One of the iconic images we have of the old West is the train robbery. It is mostly a polite affair where the bad guys are either already inside the train and proceed up and down the aisle to collect the goodies from the passengers (cue the pretty lady who the bad guy allows to keep one sentimental piece of jewelry) or they block the train track so the conductor stops and the band of merry bad guys go gain, politely go confiscate goodies at gun point.
I am not saying that did not happen, but what I have seen in different papers the most is terroristic stuff like above.: Make the train derail, damned be the lives of those inside and they go pick the remains like hyenas.
Train traveling was a dangerous affair back then. Beside the robbers, you had the Tramps (Hobos) who would derail a train out of revenge for being kicked out and the just plain crazies that liked to see things break and blow.
“Fun” Fact: When a train derailed, the ones more likely to die were the engineer and the fireman and the cause of death would be crushed to death against the scorching hot boiler. Basically like bacon on a pan with the cast iron press on top.
Pirates have an even more famously romanticized image in popular culture, despite the reality being much more brutal and bloody.
Don’t get me wrong, I’m a sucker for the genteel-but-sardonic Pirate King archetype in fiction, your Captain Hook’s and Captain Barbarossa’s. Heck, I’m even fond of the occasional bodice-ripping pirate-as-bad-boy love interest when they’re in a decently written work, like the Dread Pirate Roberts or Will Turner. It’s a fun fictional archetype…
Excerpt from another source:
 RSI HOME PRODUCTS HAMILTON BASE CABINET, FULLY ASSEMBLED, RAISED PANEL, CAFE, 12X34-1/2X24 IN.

But the reality was pirates were floating terrorists. In fact, pretty much all of international law (indeed the very notion of international law itself) is an evolution of the agreements between Hellenistic Period states around the Mediterranean and Levant on how to deal with pirates. Piracy was basically the original “crime against humanity.”
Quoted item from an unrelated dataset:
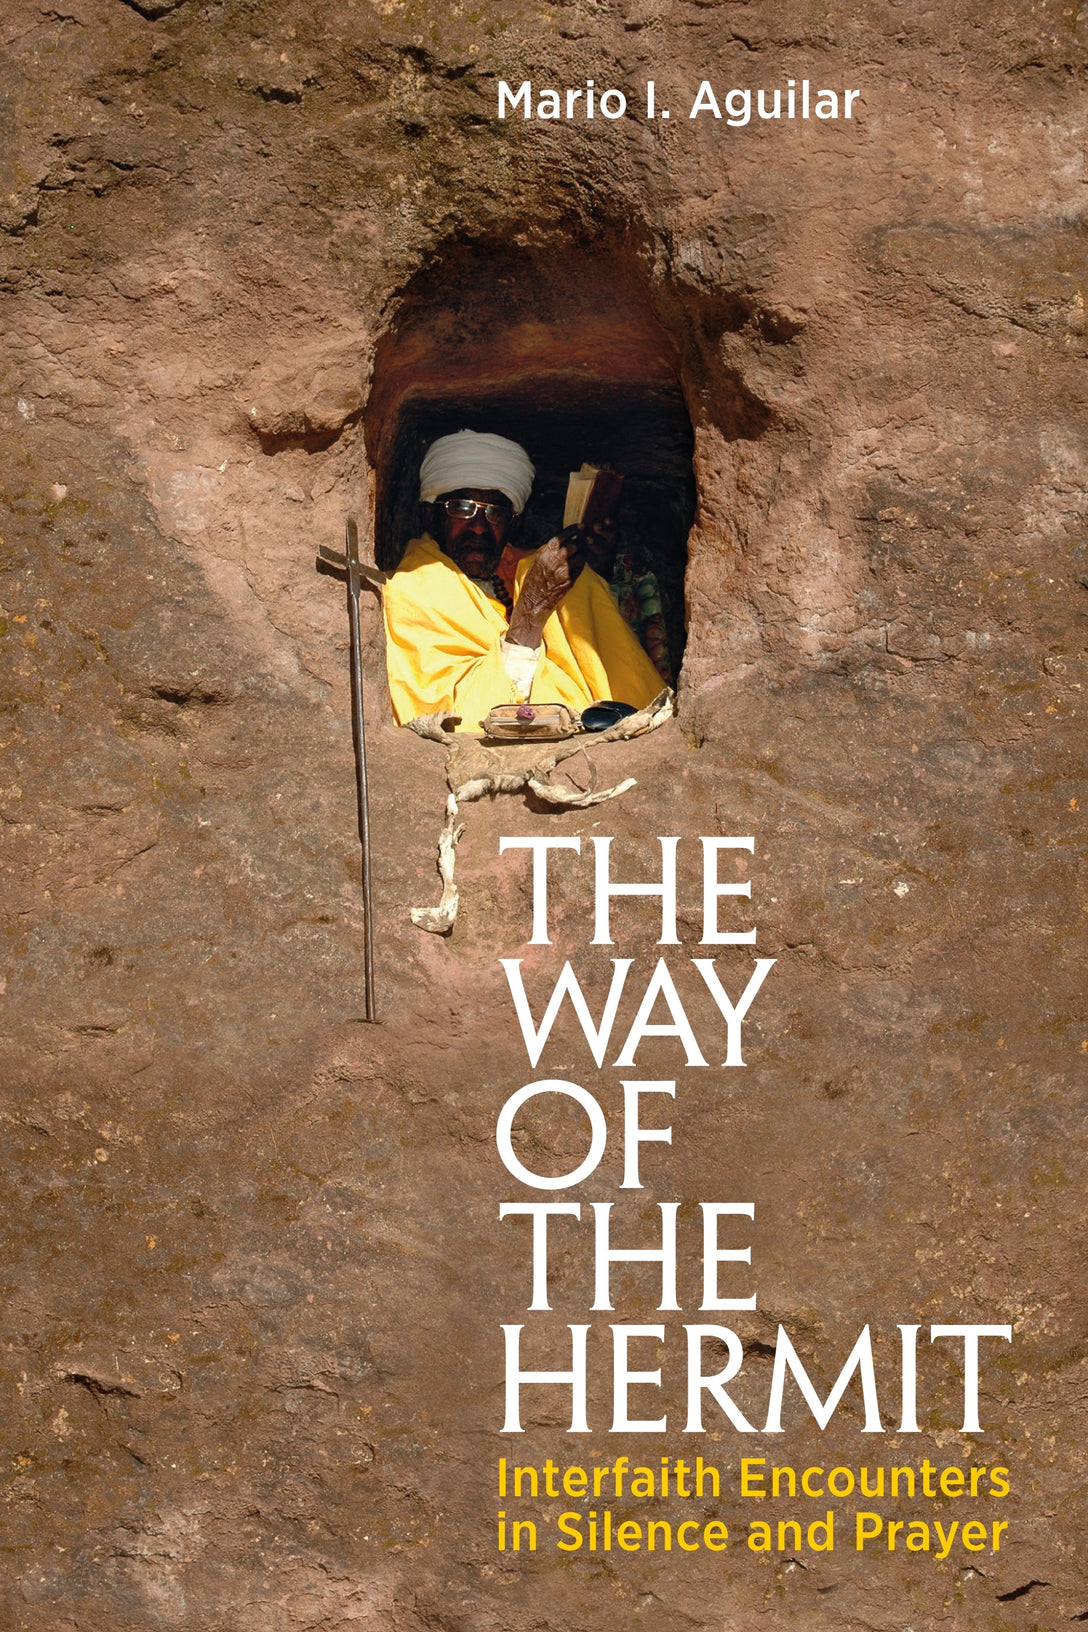 The Way of the Hermit by Mario I. Aguilar

“Wild West” train heists were basically land piracy. Heck one of the more prevalent forms of piracy in the British Isles was “wrecking.” Create a fake navigational beacon like a lighthouse (or snuff out a real lighthouse or scuttle a buoy) in order to lure a ship into a navigational hazard, wreck it, and pick over the remains like seagulls.
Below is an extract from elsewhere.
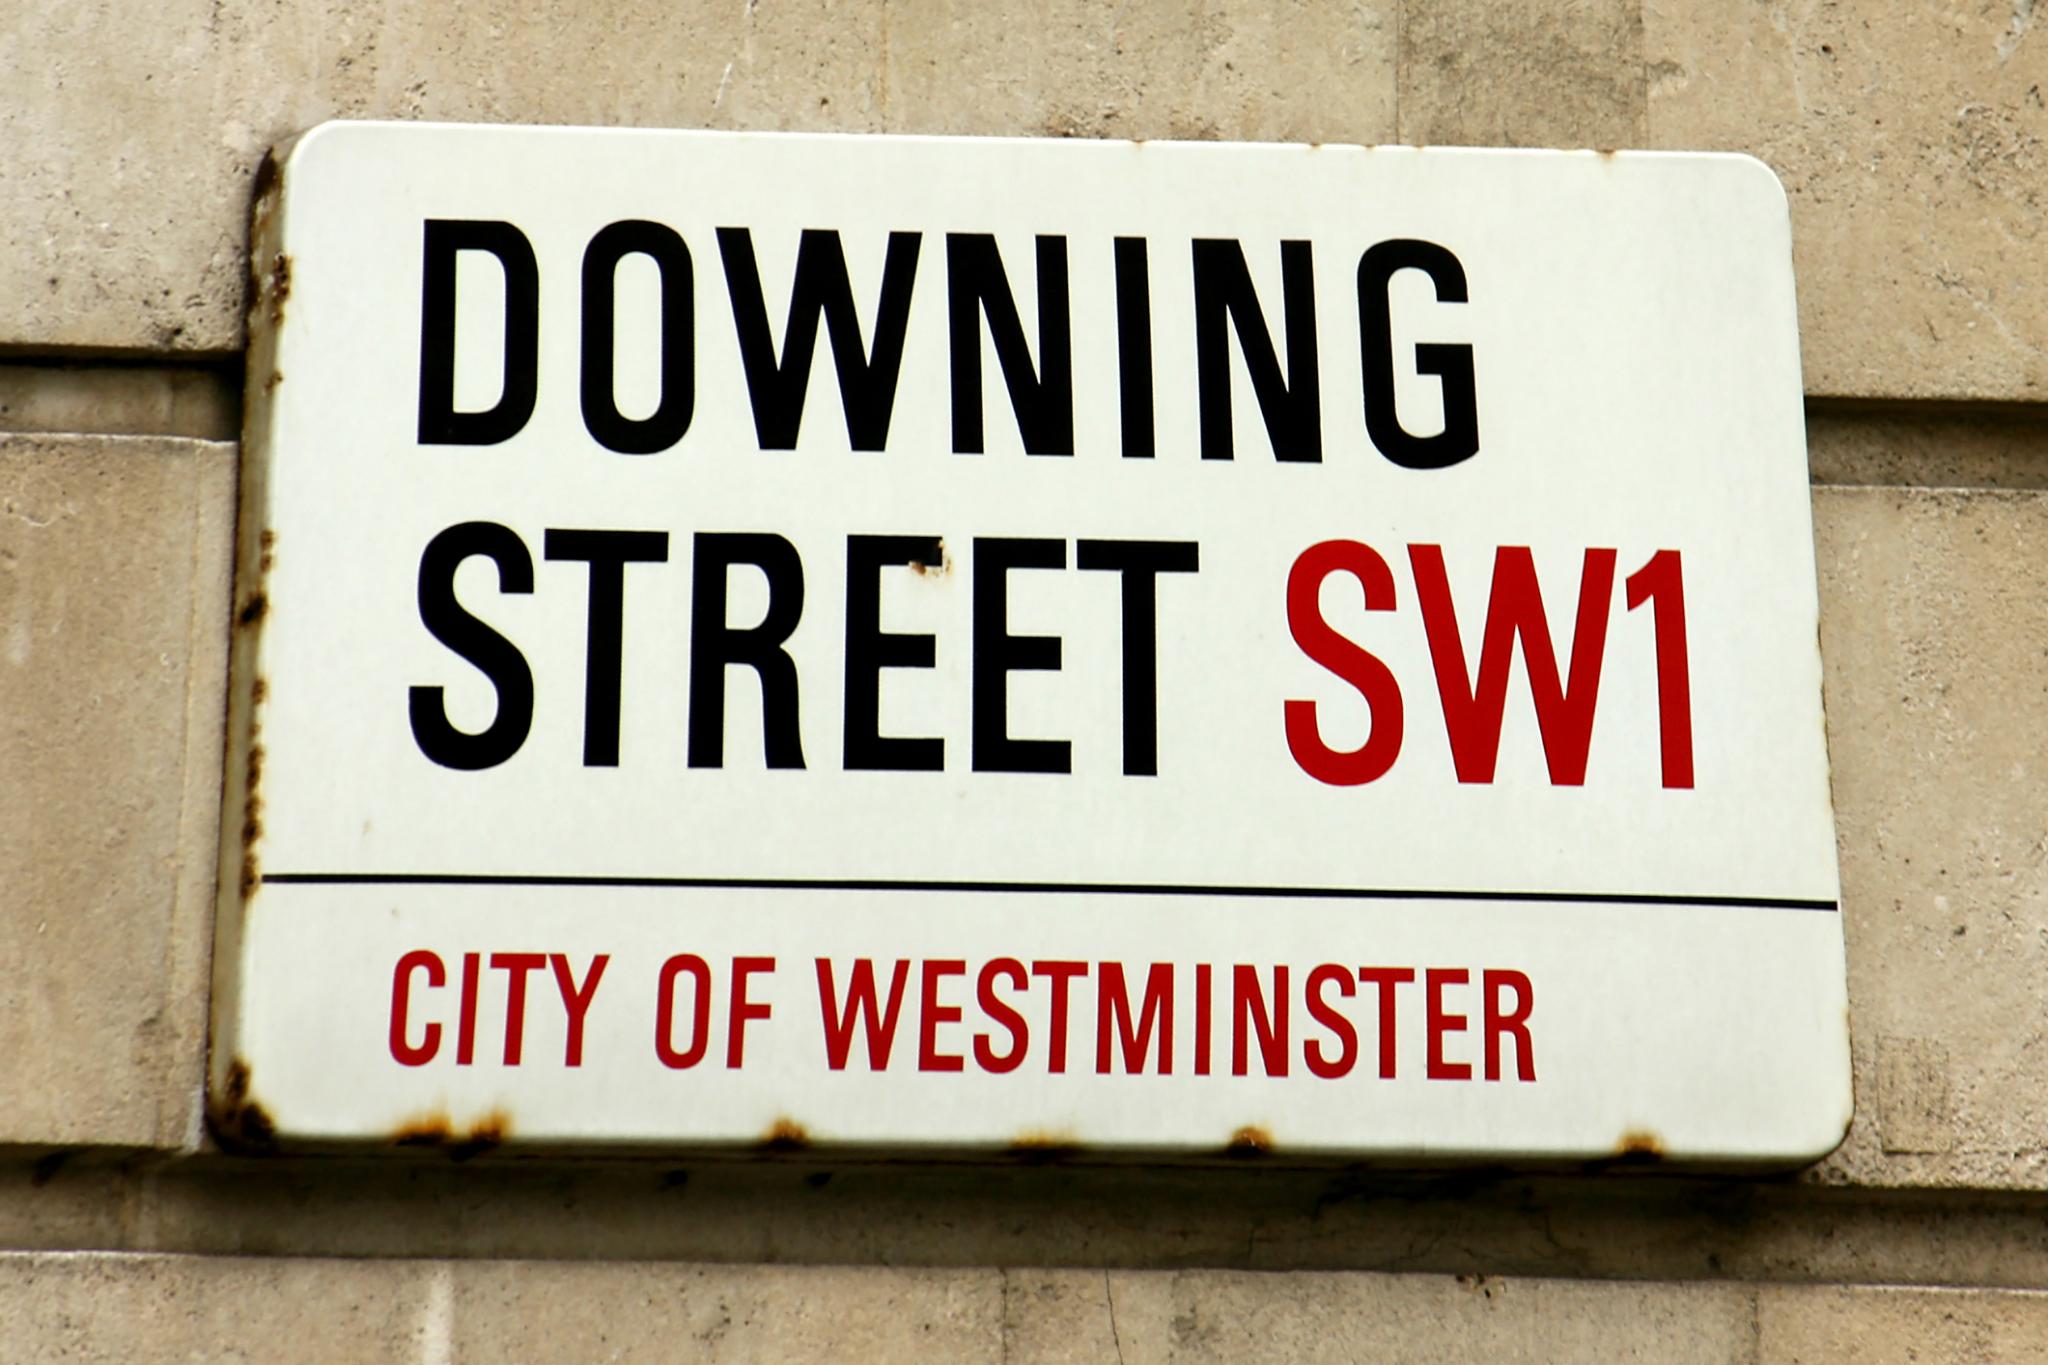 Street Sign for Downing Street

I had forgotten about that. Take out a lighthouse and then create your own …
My mother’s father was a railroad engineer at the turn of the 19th century. He routinely carried a SAA and an 1886 Winchester in the cab with him.
I did read about a couple case were a trains were being shot up as they went by tramps so I am not surprised about his set of extra tools.
“How much of the Old West is romanticized?”
All of it.
Because most of the information in the popular culture is from badly written novelizations of the West by Northeast city dwellers who had never left.